6 Essential Vitamins for Your Pregnancy - Mumberry
Posted on 16 May 2016
You’re pregnant and want to eat right for your own health AND your baby! These essential vitamins help with the development and growth of your baby, and play an important role in preparing your body for breastfeeding. Eating these healthy foods listed below will ensure you’re getting a good dose of these 6 critical vitamins you both need:
Vitamin A: Sweet potato, carrot, kale, mango, turnipgreens, pumpkin, dark green leafy vegetables and beef liver. Why it’s important: It is essential for the development of your baby’s respiratory system, immune system, vision, bones, and skin. It also helps new moms with postpartum tissue repair and can help fight infections.
Vitamin B12: Meat, fish, poultry, eggs, dairy. Why it’s important: It helps with your baby’s mental function and prevents issues such as developmental disorders, growth failure, and anemia.
Vitamin C: Cabbage, cantaloupe, red bell pepper, broccoli, strawberries, oranges, grapefruit and other citrus fruits. Why it’s important: It is essential for bone and tissue repair, wound healing, bone growth, and healthy skin. It also helps absorb iron when eaten with other iron-rich foods.

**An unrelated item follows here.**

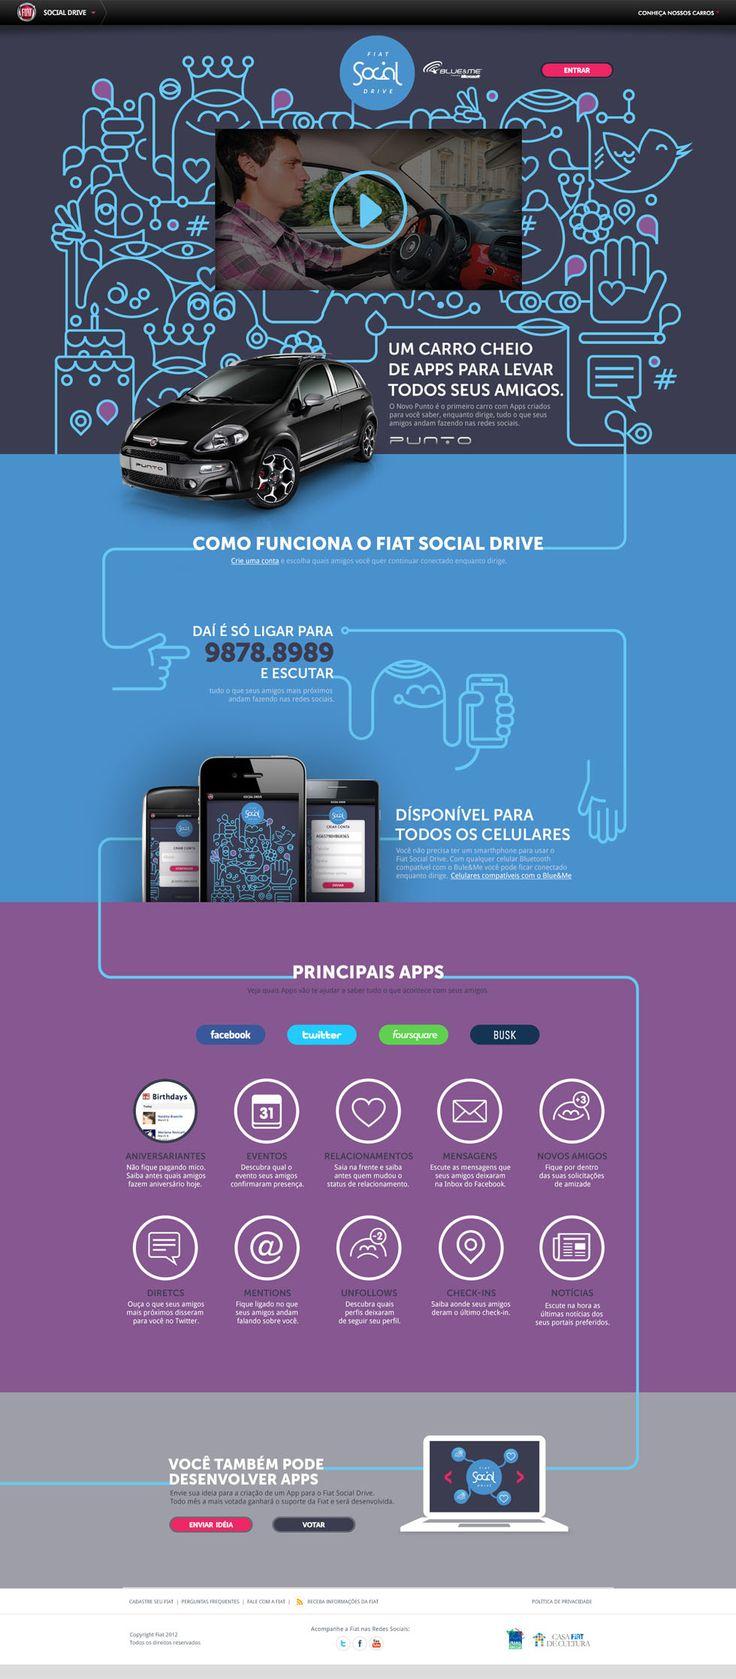 Social Drive - Bruno Oyama - Interactive Designer & Art Director

Vitamin D: Milk, fatty fish, egg yolks. Why it’s important: It helps form your baby’s bones and teeth and helps absorb calcium. It also helps to prevent pregnancy complications such as preeclampsia.
Vitamin K: Dark green leafy vegetables. Why it’s important: It helps the blood clot and avoid obsessive bleeding. It also helps combat the symptoms of morning sickness.
Folic Acid: Oranges, green leafy vegetables, fortified cereals, dried peas and beans, nuts. Why it’s important: It helps prevent birth defects of the spinal cord and the brain and aids in the development of the nervous system. It is particularly important for the rapid cell growth of the placenta and your developing baby.